Remover uma verruga rapidamente pode ser possível com tratamentos como crioterapia, feita com nitrogênio líquido pelo dermatologista, ou medicamentos à base de ácido salicílico. A escolha depende do tipo, tamanho e localização da lesão. Cortar, furar, queimar ou arrancar a verruga em casa não é recomendado, pois aumenta o risco de sangramento, infecção, cicatriz e até de tratar incorretamente uma lesão que não seja realmente uma verruga.
Qual é a forma mais rápida de tirar uma verruga?
A crioterapia está entre os métodos mais usados para tirar verrugas comuns. Durante o procedimento, o dermatologista aplica nitrogênio líquido sobre a lesão, provocando seu congelamento e a destruição progressiva do tecido. Dependendo do tamanho e da profundidade, podem ser necessárias várias sessões.
Outra alternativa é o ácido salicílico, que promove uma descamação gradual das camadas da verruga. Embora possa ser aplicado em casa em alguns casos, o tratamento costuma levar semanas e deve respeitar a concentração e o modo de uso indicados, especialmente para evitar irritação da pele saudável ao redor.

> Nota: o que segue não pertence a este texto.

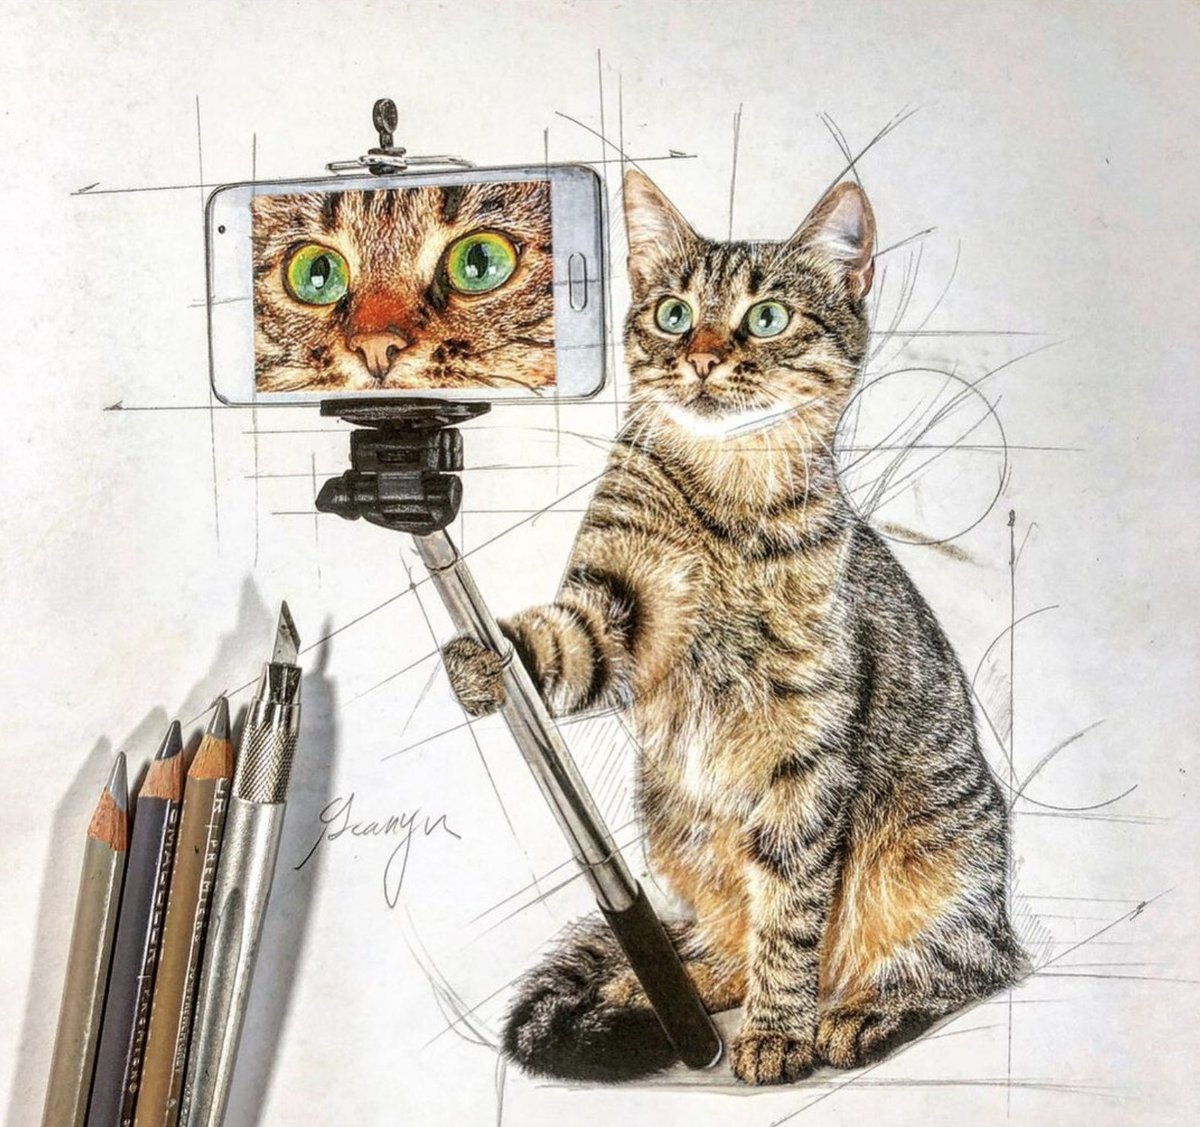 Guan Drawing A Cat Selfie Drawing 色鉛筆イラスト Sketch Pencil 그림 絵 Copic 手繪 Colorpencil イラスト 色鉛筆 色鉛筆画 猫

É seguro remover a verruga em casa?
Algumas verrugas comuns podem ser tratadas em casa com produtos específicos, mas primeiro é importante ter certeza de que a lesão realmente é uma verruga. Pintas, ceratoses e até alguns tipos de câncer de pele podem ter aparência semelhante, principalmente quando há mudança de cor, formato ou crescimento recente.
Produtos para tratamento de verrugas não devem ser aplicados indiscriminadamente no rosto, genitais, mucosas ou em áreas próximas aos olhos. Pessoas com diabetes, alterações circulatórias ou imunidade comprometida também precisam de avaliação profissional antes de tentar tratamentos por conta própria.

O que nunca fazer para arrancar uma verruga?
Algumas tentativas caseiras podem provocar lesões e devem ser evitadas:
- cortar com tesoura, lâmina ou alicate, devido ao risco de sangramento e infecção;
- furar ou raspar profundamente a verruga;
- queimar a lesão com objetos aquecidos ou substâncias corrosivas;
- amarrar fios na base da verruga sem diagnóstico correto;
- aplicar ácidos fortes ou substâncias químicas não próprias para uso dermatológico;
- arrancar a verruga com as unhas, o que pode machucar a pele e favorecer a disseminação do vírus.
Também é importante evitar manipular frequentemente a lesão. Como grande parte das verrugas é causada pelo HPV, pequenas fissuras na pele podem facilitar a disseminação do vírus para áreas próximas.
Estudo compara crioterapia e ácido salicílico
As pesquisas mostram que o melhor tratamento pode variar conforme o tipo de verruga:
- a crioterapia pode apresentar bons resultados em verrugas comuns, principalmente nas mãos;
- o ácido salicílico age de maneira mais gradual e exige uso regular;
- verrugas plantares podem ser mais resistentes ao tratamento;
- algumas verrugas desaparecem espontaneamente ao longo do tempo;
- nenhum tratamento garante desaparecimento imediato ou impede completamente o retorno da lesão.
Segundo o estudo Cryotherapy with liquid nitrogen versus topical salicylic acid application for cutaneous warts in primary care, publicado no Canadian Medical Association Journal (CMAJ), a crioterapia apresentou maior taxa de cura para verrugas comuns após 13 semanas do que o ácido salicílico ou apenas observar a evolução. Entre as verrugas plantares, porém, não houve diferença clinicamente relevante entre as estratégias avaliadas.

Quando é melhor procurar um dermatologista?
A avaliação médica é especialmente importante quando a lesão surge no rosto ou na região genital, cresce rapidamente, muda de cor, sangra, provoca dor ou coceira persistente. Também é recomendado procurar atendimento quando existem muitas verrugas ou quando elas continuam voltando após o tratamento.
No caso da verruga plantar, conhecida popularmente como olho de peixe, o tratamento pode ser mais demorado porque a pressão ao caminhar favorece o crescimento da lesão para dentro da pele. Para remover uma verruga de maneira rápida e segura, a melhor estratégia é confirmar o diagnóstico e seguir o tratamento indicado pelo dermatologista, evitando procedimentos agressivos feitos em casa.
Este conteúdo é apenas informativo e não substitui avaliação, diagnóstico ou tratamento realizado por médico ou outro profissional de saúde qualificado.